Bild: Thomas Walter und Peter Krauth 2017
Oaxaca taz | Venezuela hat zwei deutsche Linke, die seit 27 Jahren von der
Bundesanwaltschaft (BAW) wegen eines gescheiterten Anschlags verfolgt
werden, als politische Flüchtlinge anerkannt.
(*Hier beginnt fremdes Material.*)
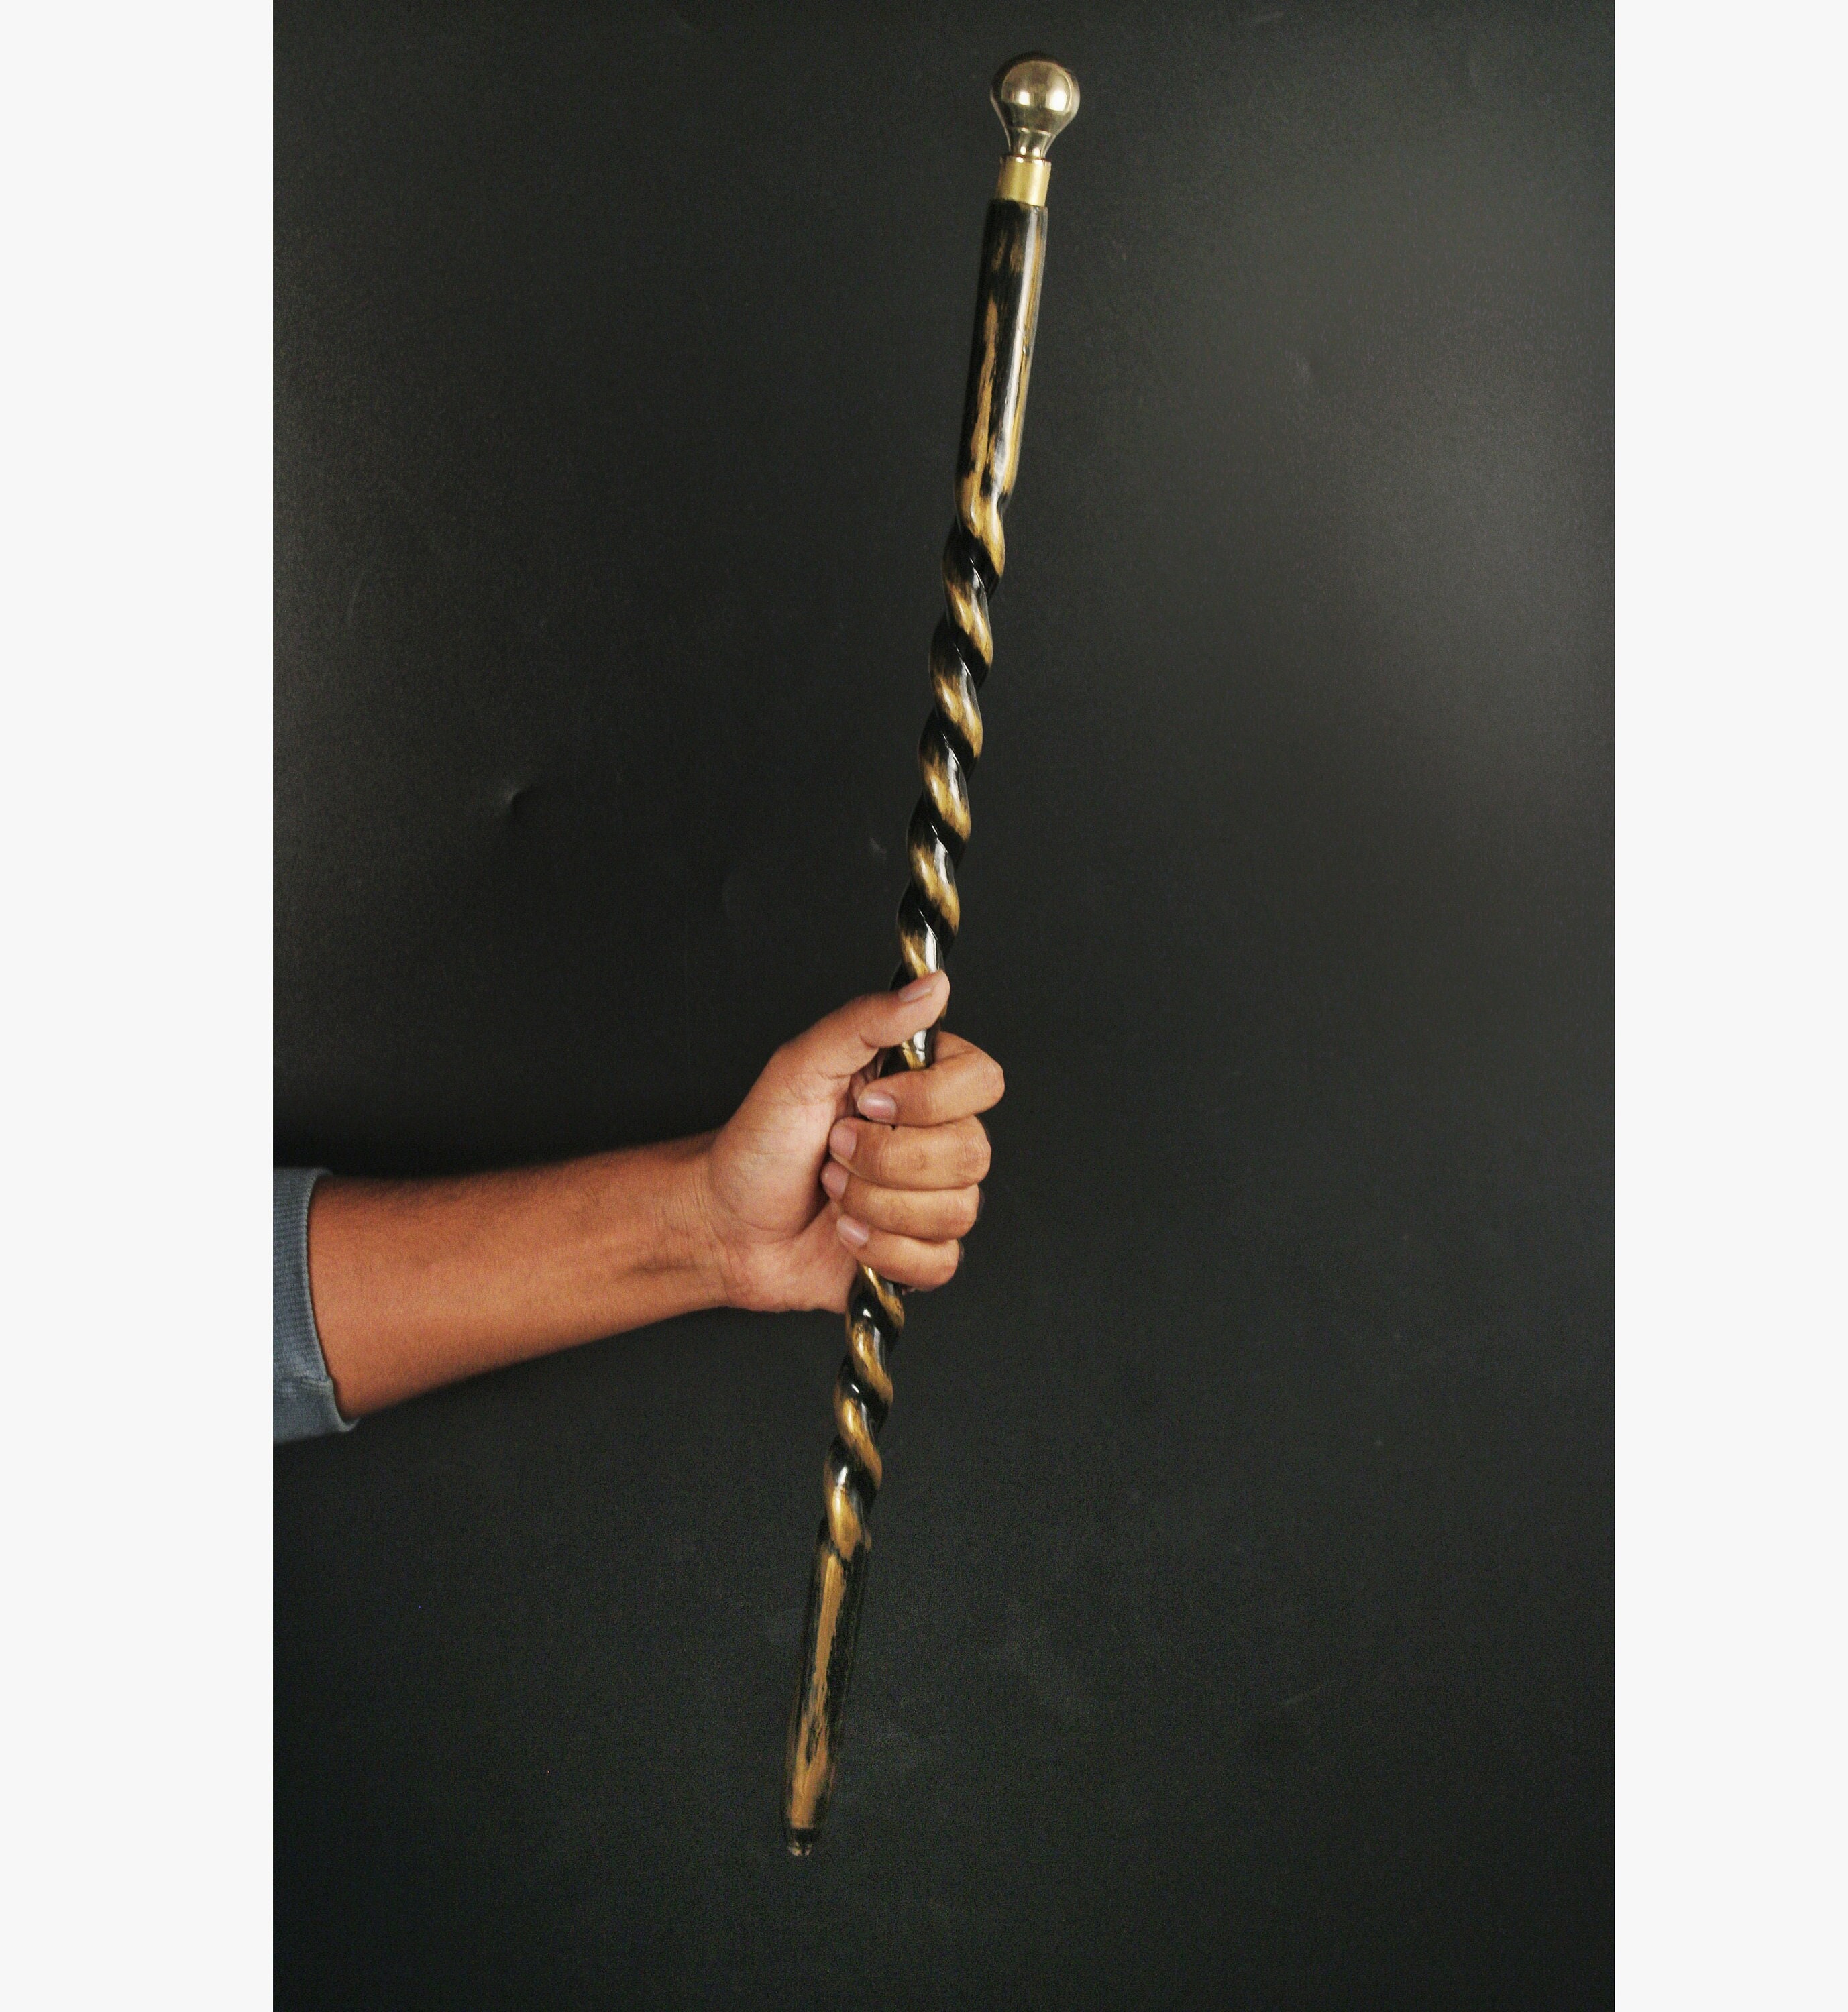 Handcrafted Walking Rule Swagger Wooden Stick Brass Cap on Both end.
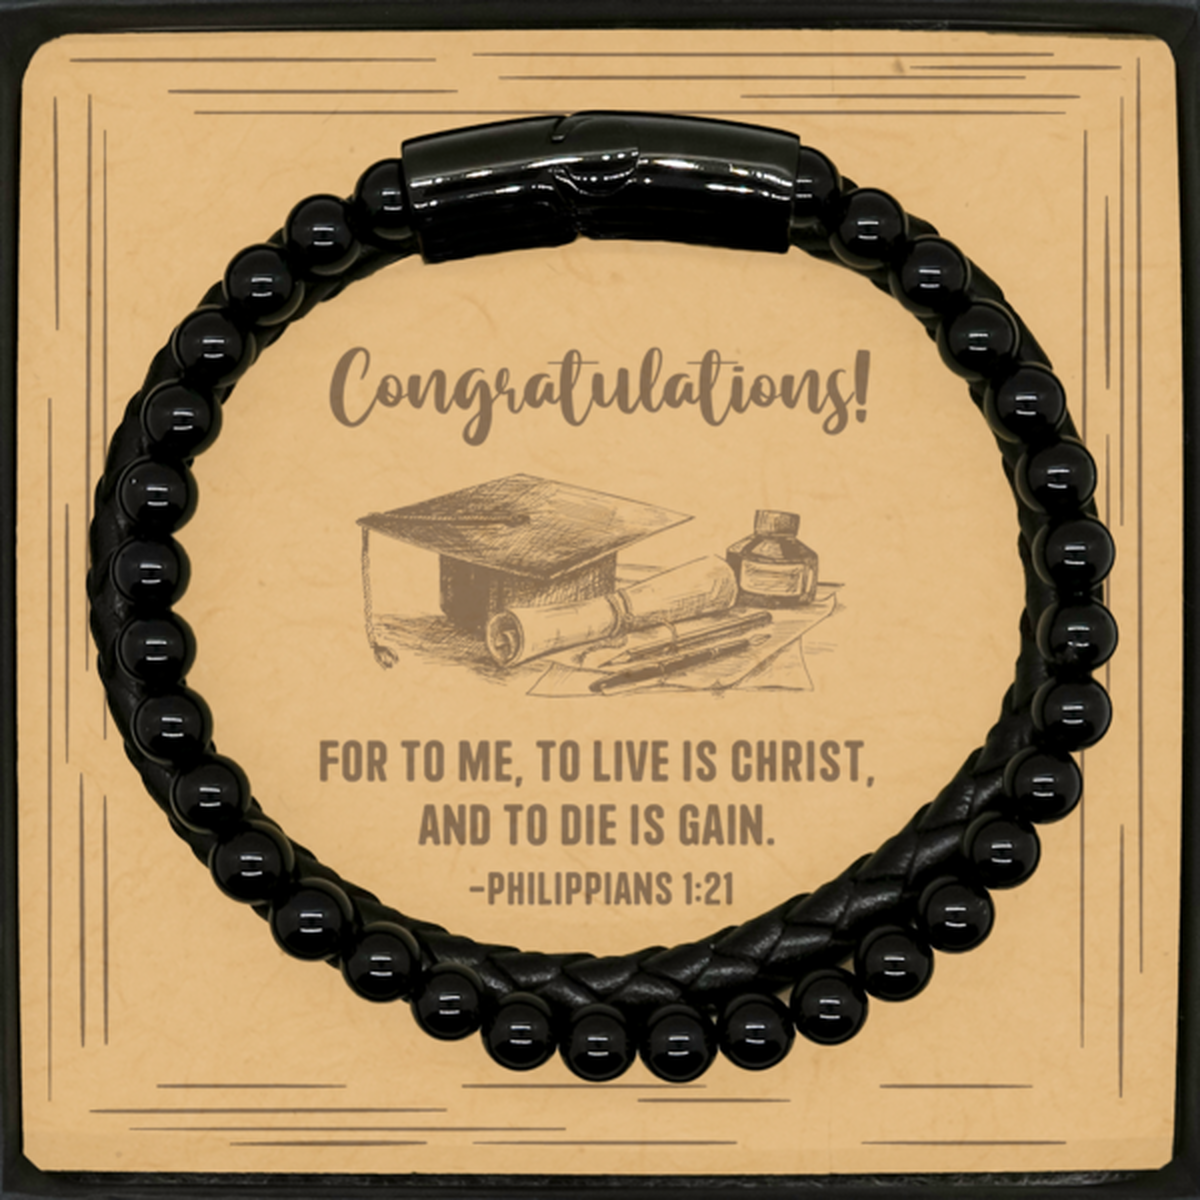 Religious Graduation Cards, For to me, to live is Christ, Bible Verse Stone Leather Bracelet, Christian Graduation Gifts

Die vorgebrachten Gründe für
ein Asyl seien subjektiv und objektiv gegeben, schrieb die
Flüchtlingskommission (Conare) in ihrer Bewilligung, die den Geflüchteten
Thomas Walter und Peter Krauth jetzt zugesandt wurde. Die beiden haben nun
ein Bleiberecht in dem Land und können sich frei bewegen. Für ihren
Mitstreiter Bernd Heidbreder kam die Entscheidung zu spät. [1][Der
60-Jährige ist vergangenes Jahr an einem Krebsleiden gestorben].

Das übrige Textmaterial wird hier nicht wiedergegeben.